◆ **ACTIVITY**
Produce a word-for-word copy of the listing below without its pictures.

◆ **SOURCE MATERIAL**
****

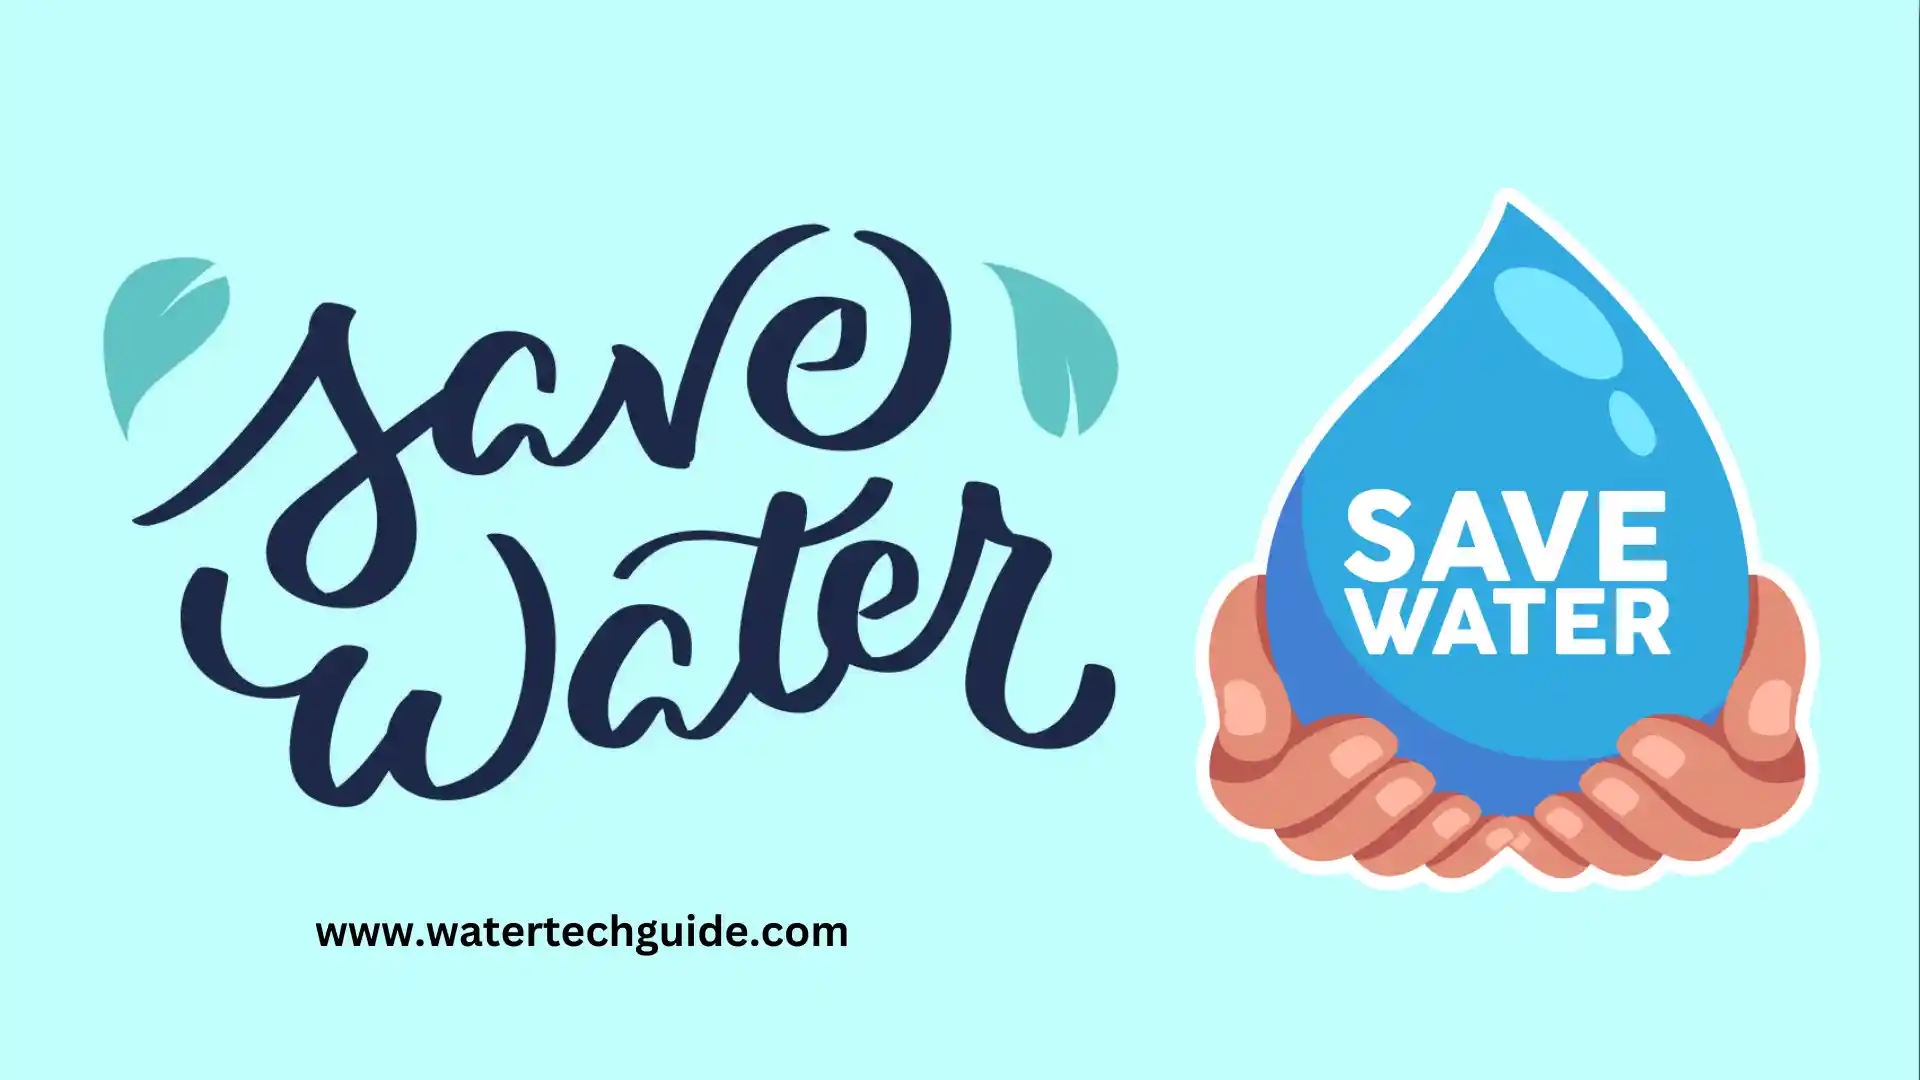 Design for Saving Water
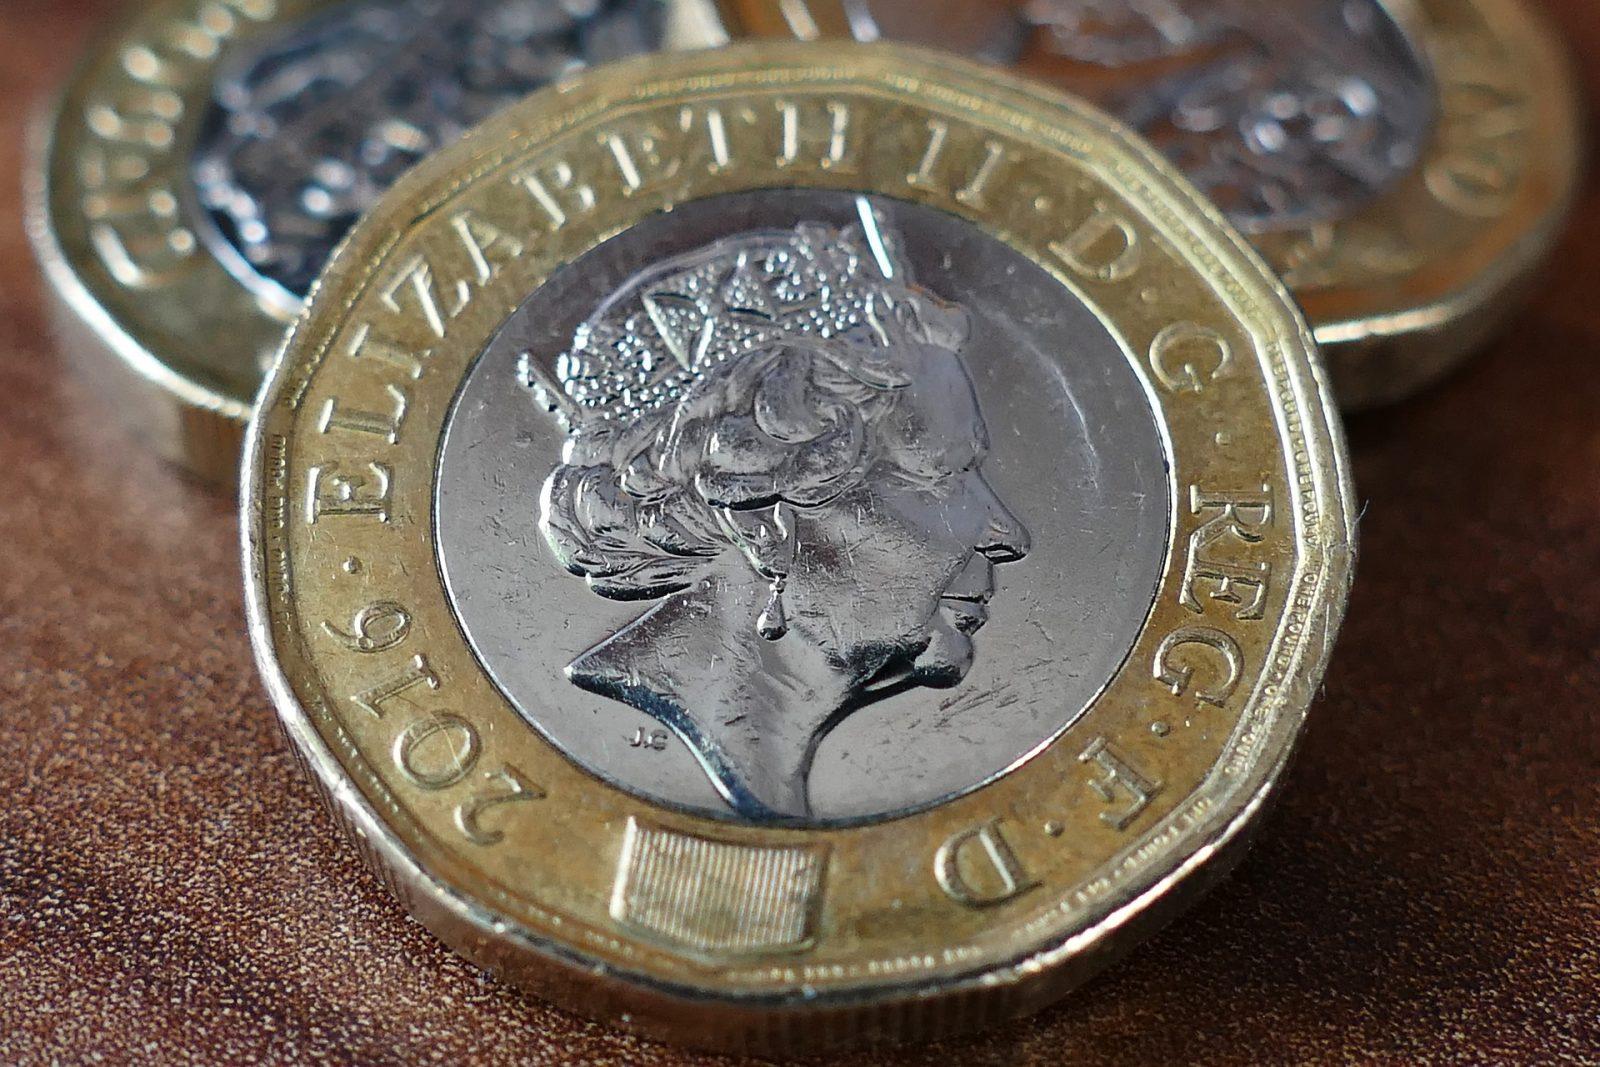 Photograph of pound coin
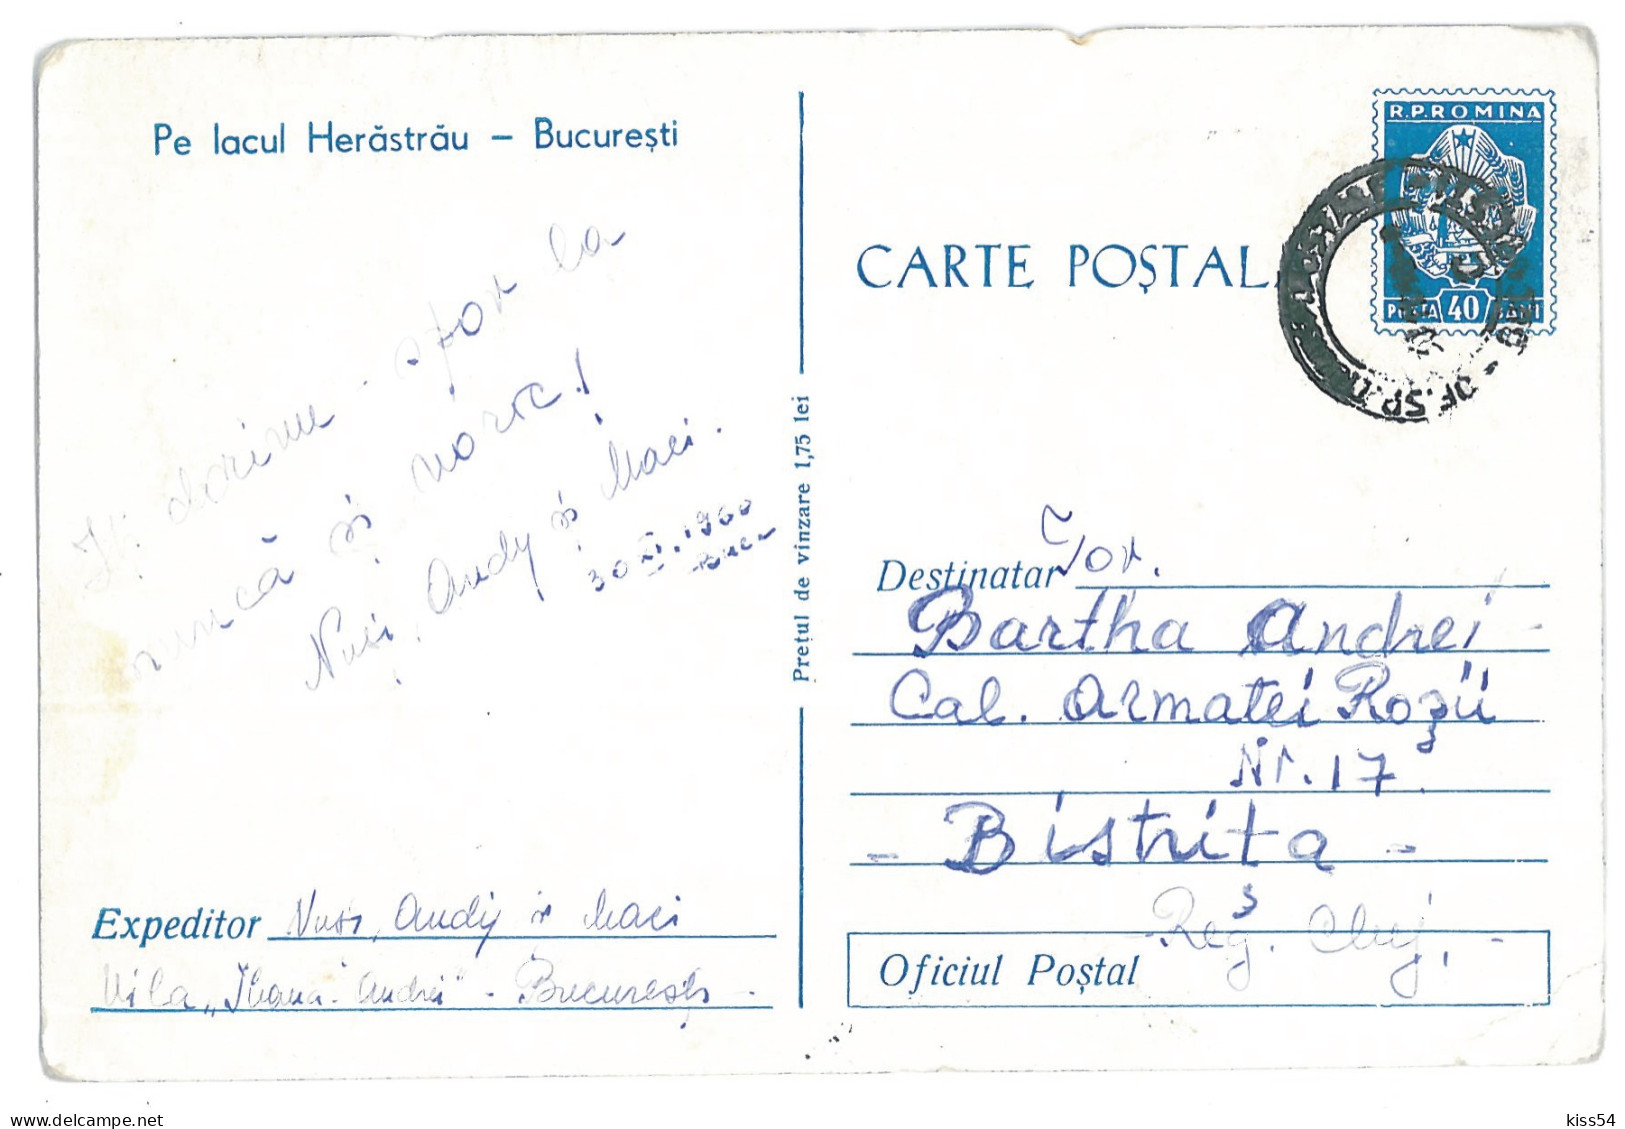 RO 94 - 13620 BUCURESTI, Romania, Lake Herastrau - Stationery, Old Postcard - Used - 1960  - Roumanie

****

◆ **YOUR SOLUTION**
 Design for Saving Water
 Photograph of pound coin
 RO 94 - 13620 BUCURESTI, Romania, Lake Herastrau - Stationery, Old Postcard - Used - 1960  - Roumanie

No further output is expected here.